個人的には、Stagehandを触ってみて「あ、これブラウザ自動化の常識が変わるやつだ」と感じました。今回はその理由を含めて紹介していきます。

Stagehandとは

Stagehandは、AIと自然言語を活用したブラウザ自動化フレームワークです。公式サイトでは「The AI Browser Automation Framework」と謳っており、Playwrightをベースにしながらも、AIによる柔軟な操作を実現しています。

主な特徴は以下の通りです。

自然言語でのブラウザ操作: 「ログインボタンをクリック」のような指示でOK
Playwright完全互換: 既存のPlaywrightスクリプトにそのまま追加可能
自己修復機能: サイトのUI変更に自動で対応
構造化データ抽出: Zodスキーマでページから型安全にデータを取得

特にSeleniumやPlaywrightで苦労してきた人間からすると、セレクタを気にせずに「このボタンをクリック」と書けるのは革命的ですね。

特徴・メリット

1. 自然言語でブラウザを操作できる

Stagehandの最大の特徴は、自然言語でブラウザ操作を指示できることです。

await page.act("click the login button");
await page.act("type 'test@example.com' in the email field");

従来はpage.getByRole('button', { name: 'ログイン' }).click()のように書いていたものが、自然な言葉で書ける。これ、意外と大きいんですよ。

なぜかというと、セレクタの変更に強くなるからです。ボタンのテキストが「ログイン」から「Log in」に変わっても、AIが文脈を理解して適切な要素を見つけてくれます。

2. 自己修復機能でメンテナンスが楽になる

従来のE2Eテストで一番面倒なのが、サイト変更時のテスト修正です。CSSクラスが変わった、要素の階層構造が変わった、そのたびにセレクタを修正する必要がありました。

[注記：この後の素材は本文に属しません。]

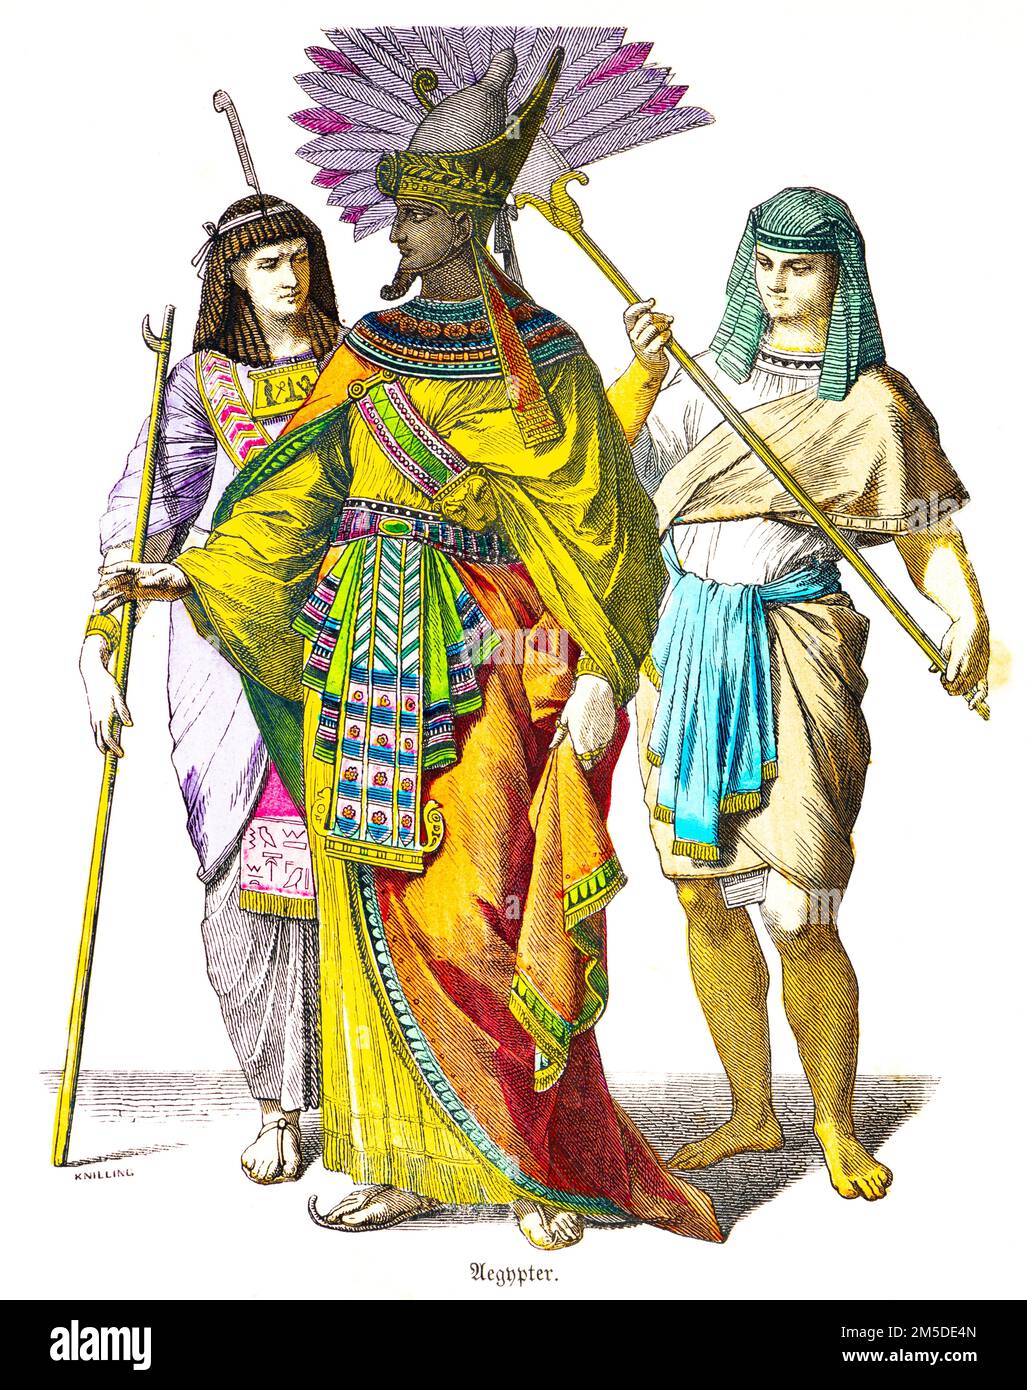 Costumes historiques des Egyptiens, illustration historique colorée, Münchener Bilderbogen, München 1890 Banque D'Images
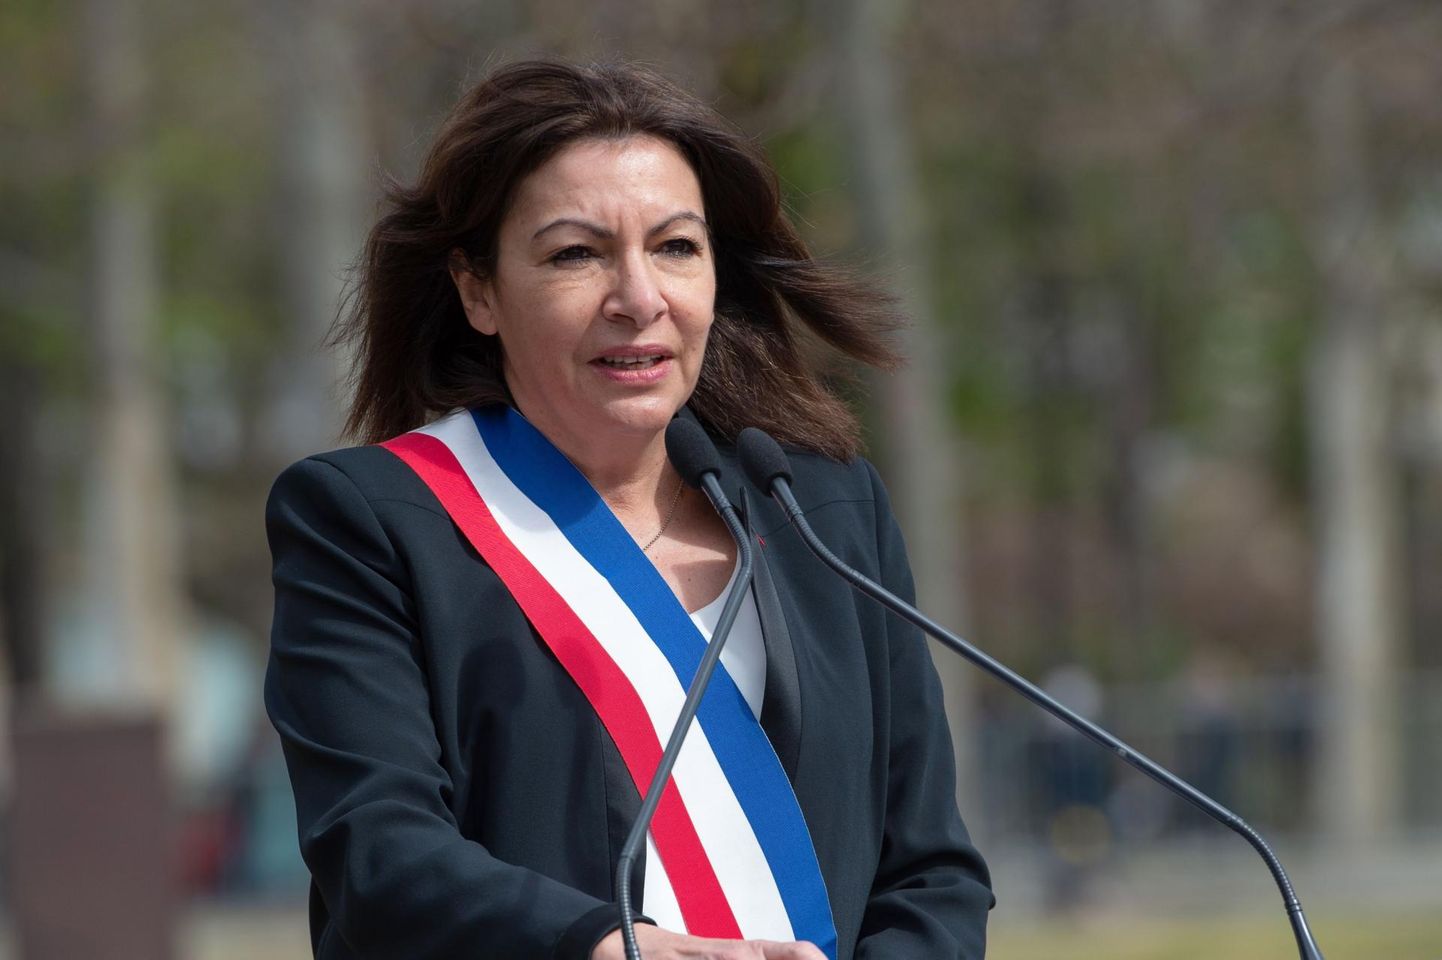 Pariis linnapea Anne Hidalgo on viimastel aastatel olnud madalseisus sotsialistide selgelt silmapaistvaima poliitik. 

Stagehandは過去のアクションを記憶していて、サイトが変更されても自動で適応してくれます。テストのメンテナンスコストが劇的に下がるわけですね。

3. コードとAIのハイブリッドアプローチ

「全部AIに任せるのは不安」という人も多いと思います。個人的にもそう思っていました。

Stagehandの良いところは、確実に動作させたい部分は従来のPlaywrightコードで書き、柔軟性が必要な部分だけAIを使う、というハイブリッドなアプローチが取れること。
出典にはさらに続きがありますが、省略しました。